Early Morning Slumber




Dear Fellow Seminary Students:

It is morning and my wife and children are still asleep. This is the best time of day for me to write and read, listen to chapel. I just took a hot bath, which seems to help my arthritic back. In many ways I am blessed to live and work here in Taejeon.

But students are not hungry. They are not in close contact with the source of their nourishment.

Christopher just woke up. He is five. I set up a place for him to sleep behind me. He likes to come in and sleep where I work in the early morning.

I have my text, "One Sacred Effort," by my side, sitting on a tall, thin table by my homemade computer desk, a board suspended across the middle level of an erstwhile closet in the classroom where I teach in my home.

I worried for awhile about whether I could learn everything in my text well enough to pass the test. We get only 24 hours to review before taking the test for the second time. I was told on the phone by Mr. Lasseter from Distance Learning that every time you read a date or a name you had better write it down and remember it. I haven't made a list yet, but I have read over the first few chapters several times, underlining and drawing a small circle in the margin beside each significant event.

My brain is no longer young, and I seem to have more trouble remembering things, though I am delighted each time I read again a portion of text that I had forgotten. It is a pleasure to read and learn.

Basic concepts stick in me a lot better than names and dates. For example, I have received the distinct impression that the Presbyterians are perhaps the closest "relative" we have in doctrine, our formal attitude towards holy scripture.

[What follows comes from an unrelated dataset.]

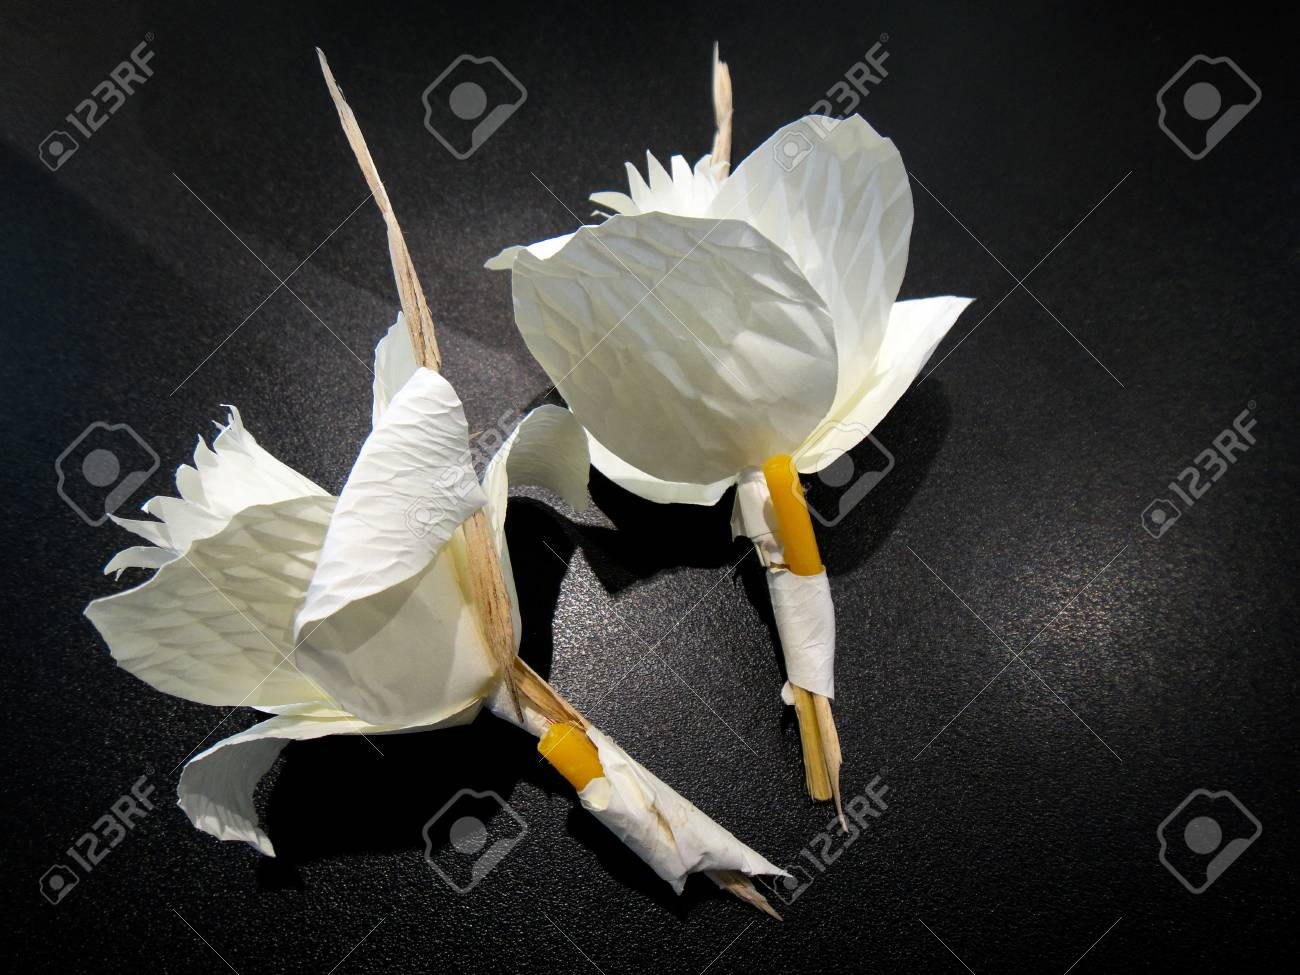 Thai funeral paper flowerkind of wood flower to be placed on stock photo thai funeral paper flowerkind of wood flower to be placed on the site of cremation izmirmasajfo Images

And I understand that Catholics stand quite far apart on some points, in their insistence that certain additions and deletions are valid and necessary.

I understand that early in Baptist church history there was much dissension on just how much to join in cooperative mission work. Too, I have gained a much stronger understanding of how important it is that each church be clearly defined, concerning who are its deacons and how church membership is formed.

Well, I will study some more now, write again later. In chapel a week or so ago, Dr. Nelson noted that you can have a flawless logical argument and still be wrong. That gave me great comfort. I don't always have the tools to argue well with some of the smart hotdogs of the popular press. But instinctively I know they are sometimes wrong, despite their rhetoric, as I sense they are far from, heedless of, the central message of the gospel.